Raw data:
• • • • •

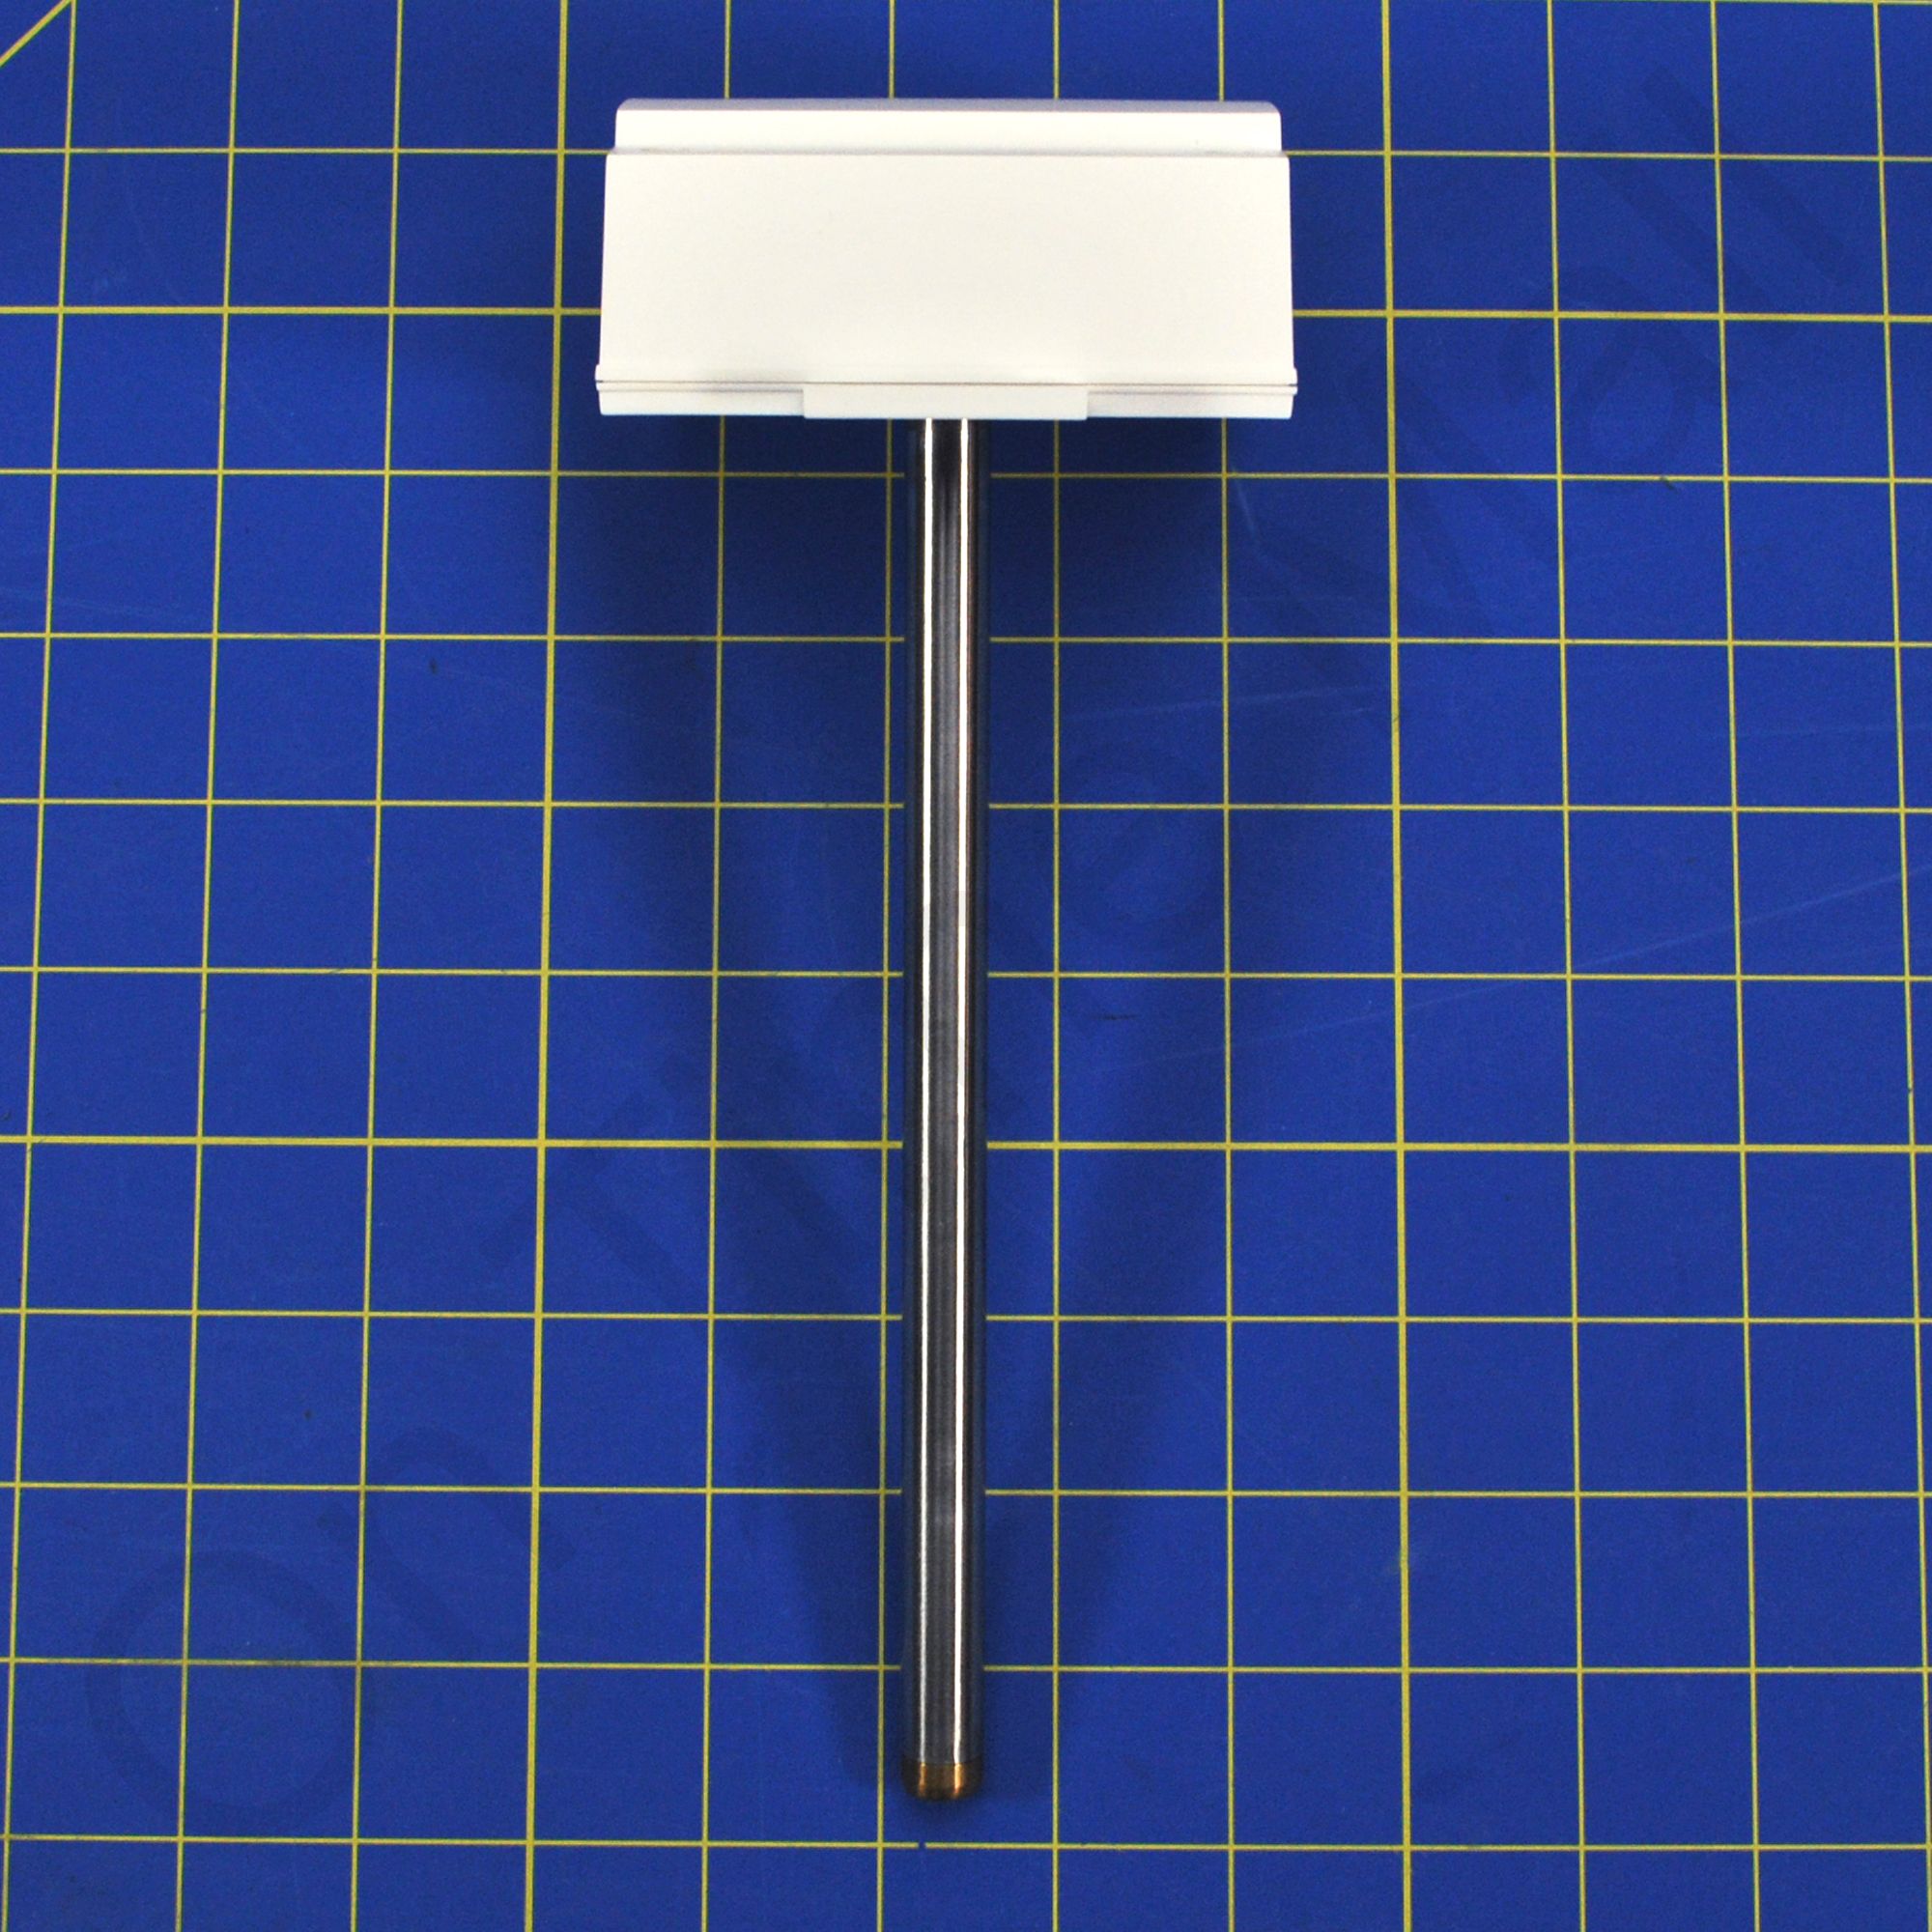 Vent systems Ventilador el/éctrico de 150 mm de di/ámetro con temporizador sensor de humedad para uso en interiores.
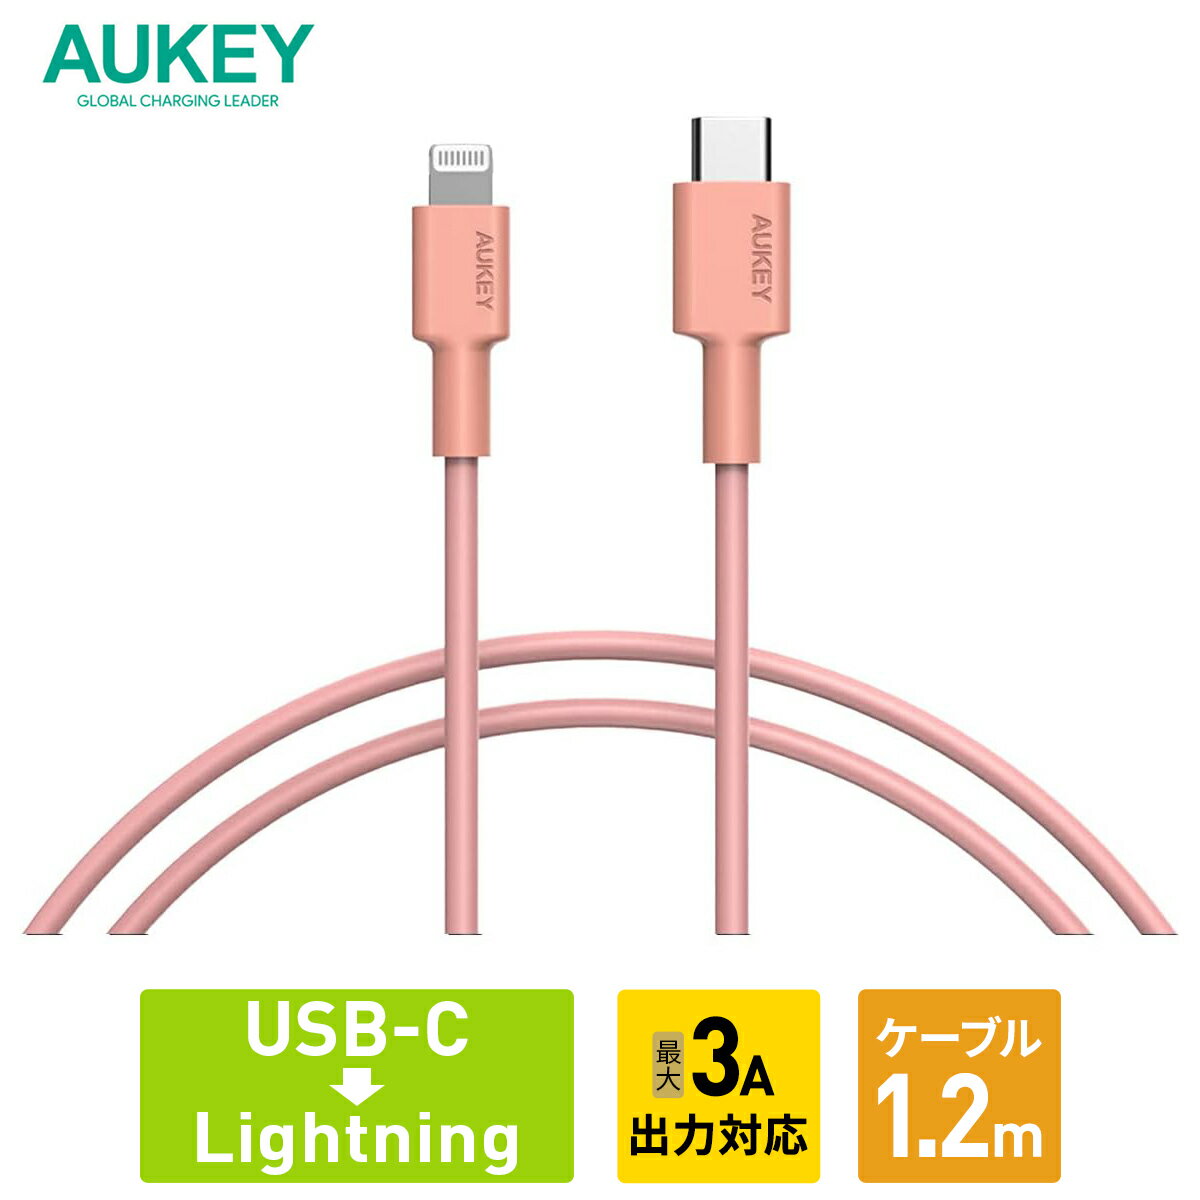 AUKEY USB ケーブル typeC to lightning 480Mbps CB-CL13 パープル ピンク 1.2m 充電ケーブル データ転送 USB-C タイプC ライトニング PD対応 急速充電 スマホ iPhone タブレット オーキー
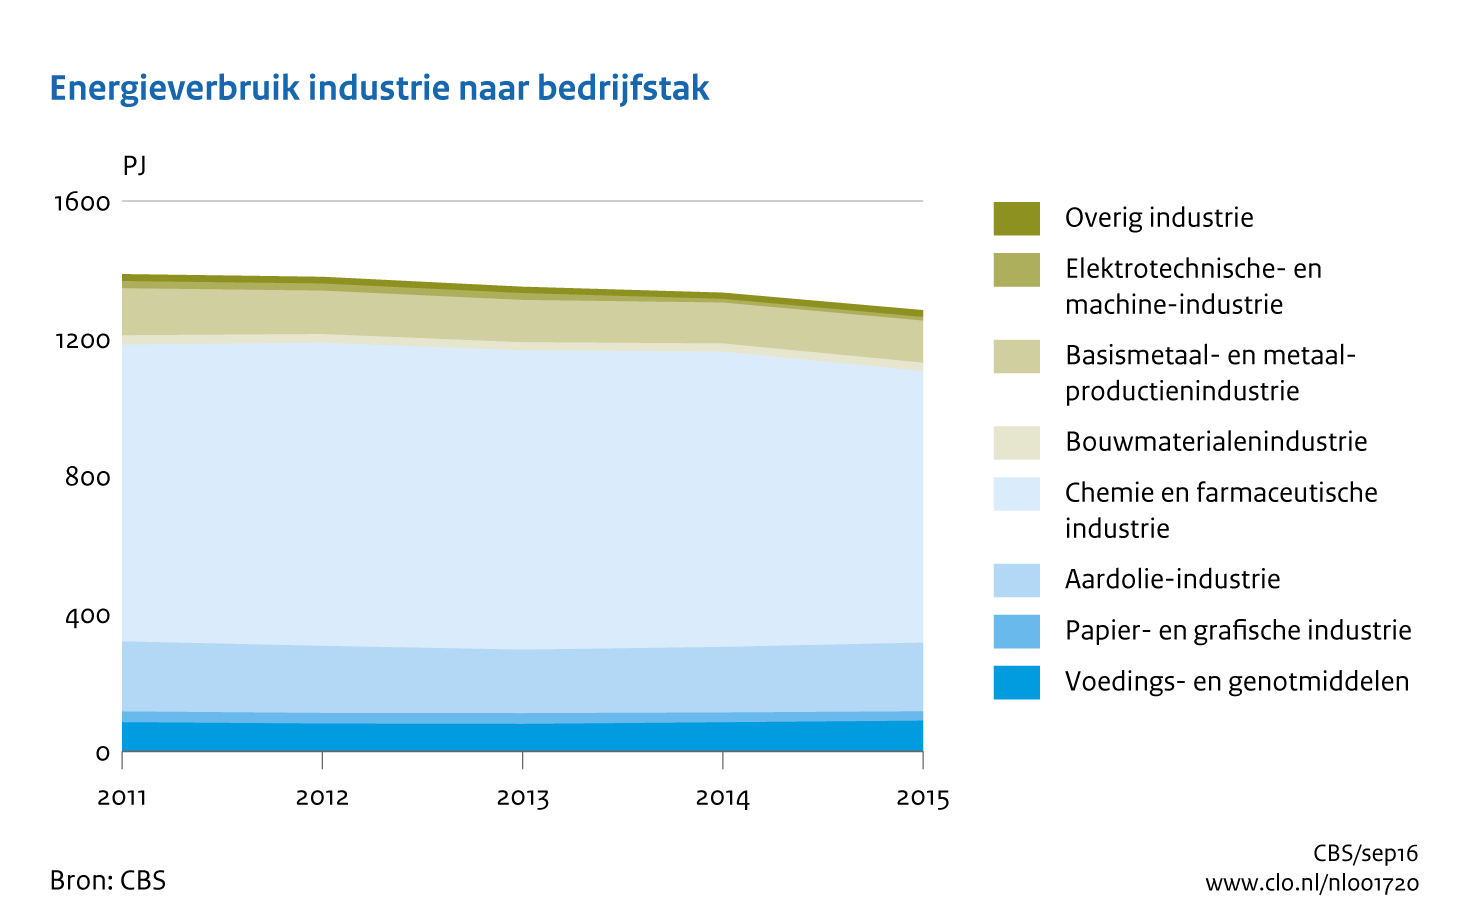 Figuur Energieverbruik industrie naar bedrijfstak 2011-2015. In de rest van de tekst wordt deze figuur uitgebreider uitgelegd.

• • • • •

Task goal:
Copy each line of the listing exactly, skipping any picture.

Exercise result:
 Vent systems Ventilador el/éctrico de 150 mm de di/ámetro con temporizador sensor de humedad para uso en interiores.
 AUKEY USB ケーブル typeC to lightning 480Mbps CB-CL13 パープル ピンク 1.2m 充電ケーブル データ転送 USB-C タイプC ライトニング PD対応 急速充電 スマホ iPhone タブレット オーキー
 Figuur Energieverbruik industrie naar bedrijfstak 2011-2015. In de rest van de tekst wordt deze figuur uitgebreider uitgelegd.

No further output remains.